Core part of Jackson that defines Streaming API as well as basic shared abstractions
Apache License 2.0
2.27k stars 799 forks source link

Ability to determine whether field name interning is enabled for JsonParser #1211

Open chokoswitch opened 9 months ago

chokoswitch commented 9 months ago

I have custom deserialization logic of protocol buffers and I took advantage of field names being interned to improve performance.

https://github.com/curioswitch/protobuf-jackson/blob/main/src/main/java/org/curioswitch/common/protobuf/json/ParseSupport.java#L458

Actually, at the time I didn't know it is possible to disable interning. I was able to create a failing test for it

https://github.com/curioswitch/protobuf-jackson/blob/main/src/test/java/org/curioswitch/common/protobuf/json/JacksonInteropTest.java#L20

It would be great to be able to know if the parser is interning to be able to handle this case correctly while also skipping non-reference equality check when it's fine to do so. Currently JsonParser only exposes parser features:

https://fasterxml.github.io/jackson-core/javadoc/2.8/com/fasterxml/jackson/core/JsonParser.html#getFeatureMask()

But there is no access to the factory features. Naturally JsonParser is not the right level for that but I wonder would it be possible to expose factory features from ParserBase? Or it could just be the three standard parser implementations individually exposing it. If we could check the factory features, or more specifically whether the symbol finder is interning strings, then it would be possible to skip .equals for name comparisons.

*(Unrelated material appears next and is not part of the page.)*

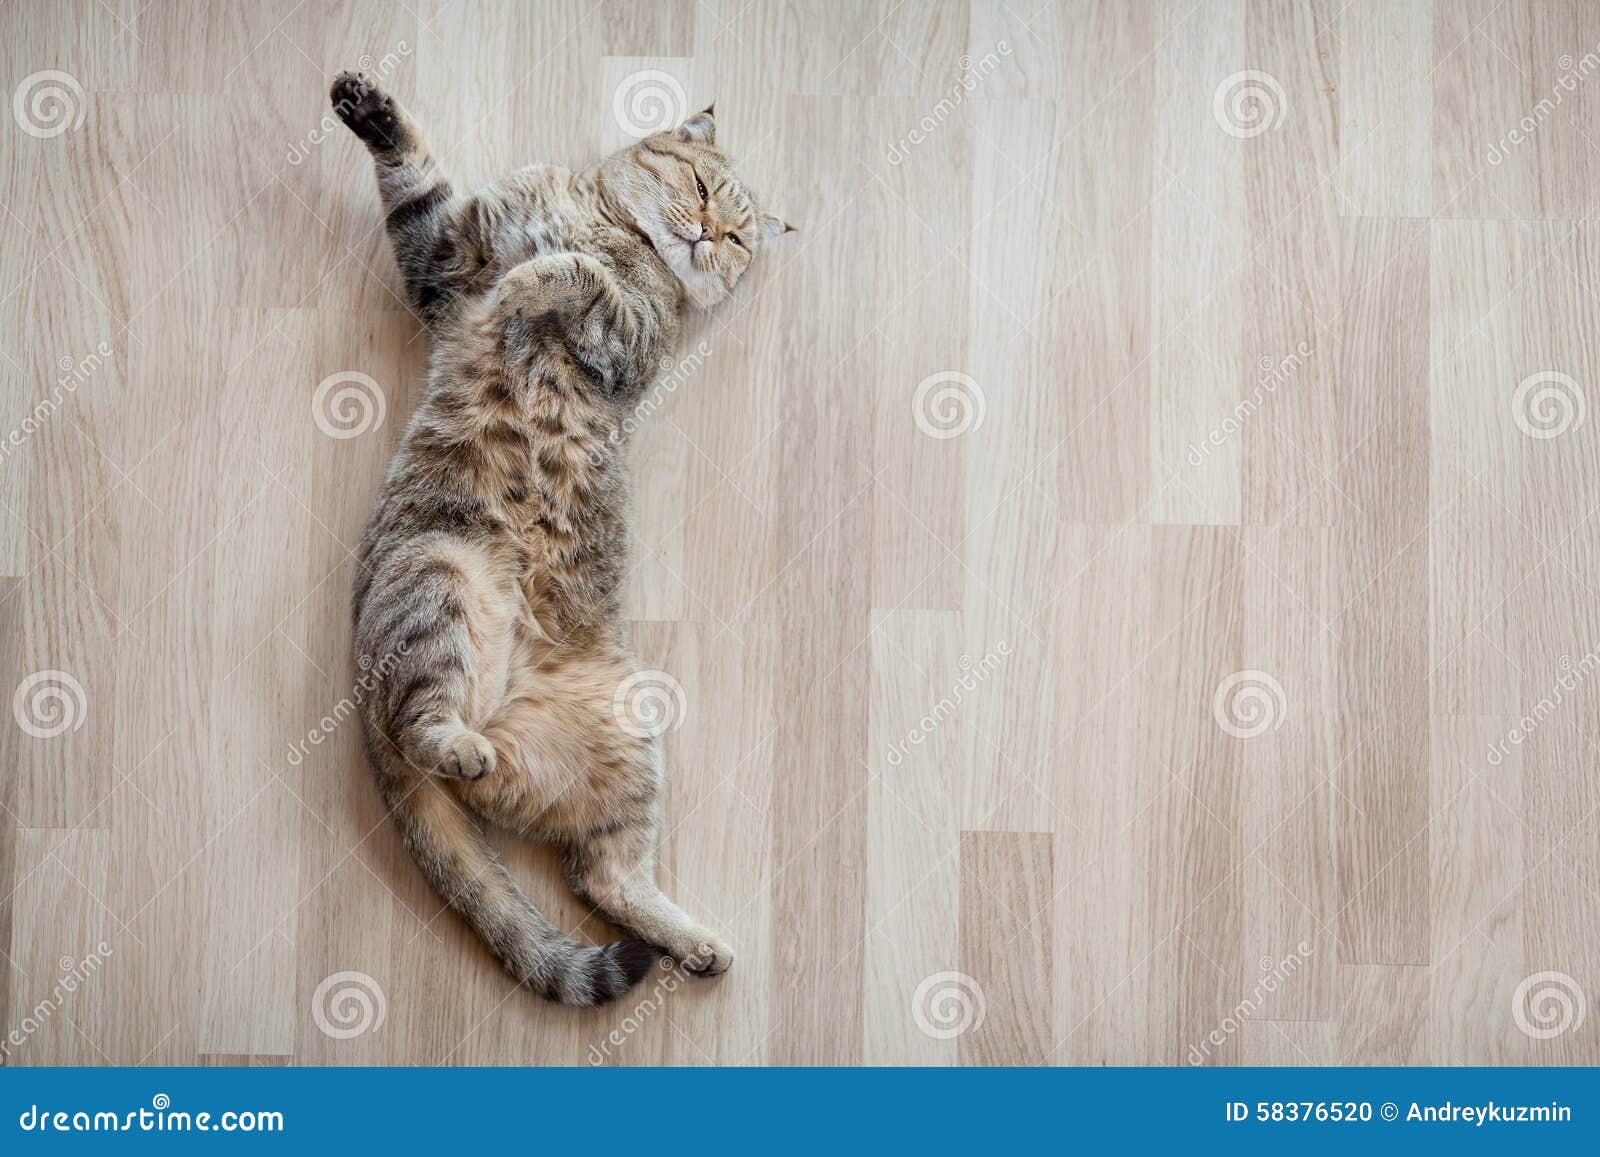 Draufsicht der Katze, die auf Parkettboden liegt. Erwachsene Katze, die zu Hause auf Parkettboden liegt

I looked at databind, and while I'm not completely sure I understand the code, I think this optimization could be applied there too

https://github.com/FasterXML/jackson-databind/blob/2.17/src/main/java/com/fasterxml/jackson/databind/deser/impl/BeanPropertyMap.java#L575

The .equals could be skipped when it's known the fields are interned.

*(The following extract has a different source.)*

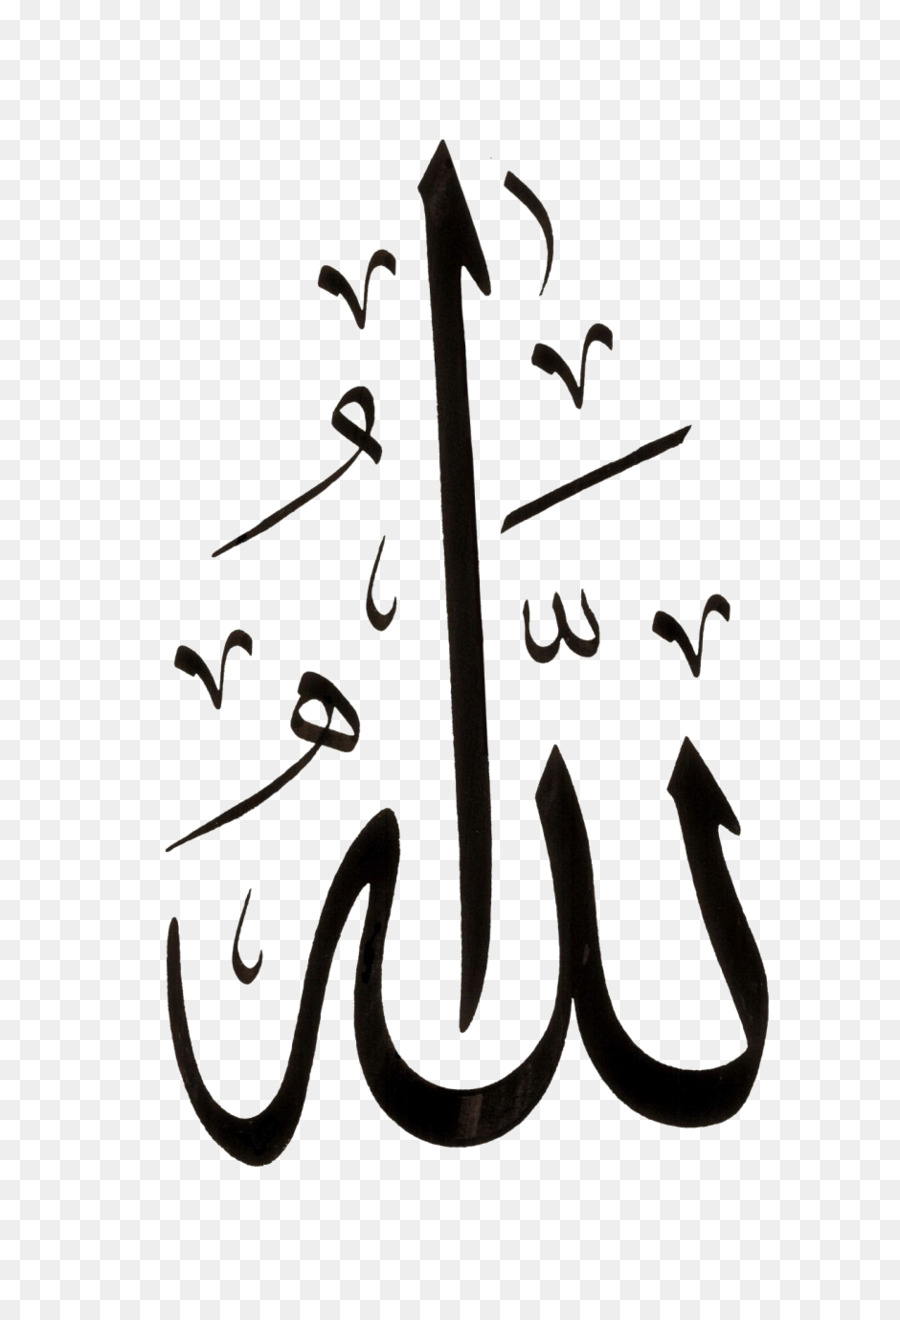  Allah  Lislam De La Calligraphie  Arabe PNG Allah

cowtowncoder commented 9 months ago

Right, factory features are expected to only be accessible via factory. But I can see why it might be useful to know it from parser instance.

I am open to adding a mechanism but probably not by passing factory features -- rather it'd probably be by exposing symbol table in use since that I think ultimately has that information. And yes, that'd need to be at level where this can be accessed.

chokoswitch commented 9 months ago

Thanks @cowtowncoder so I guess it could be an accessor to the symbol table on the three main parser implementations. I'm a bit unsure what the exact form of the appropriate API would be, if you have a suggestion I could try to send a PR for it.

cowtowncoder commented 9 months ago

@chokoswitch I haven't looked into this but... ok, there doesn't seem to be any really good places to do this since in 2.x there is no common JSON-specific intermediate parser base class (3.0 adds one). So specific symbol table is separately passed and used by all 4 backends (ReaderBasedJsonParser etc). Further, ByteQuadsCanonicalizer and CharsToNameCanonicalizer do not implement common interfaces.

... and of course you originally mentioned this in context of Protobuf, not JSON. So it'd need to be in JsonParser.

So perhaps there'd be need for separate new introspection method (capability) similar to, say

public boolean canParseAsync();

but more like

public boolean doesInternFieldNames();

and that'd be implemented by backends (but also requires default implementation that just returns false, for backwards compatibility.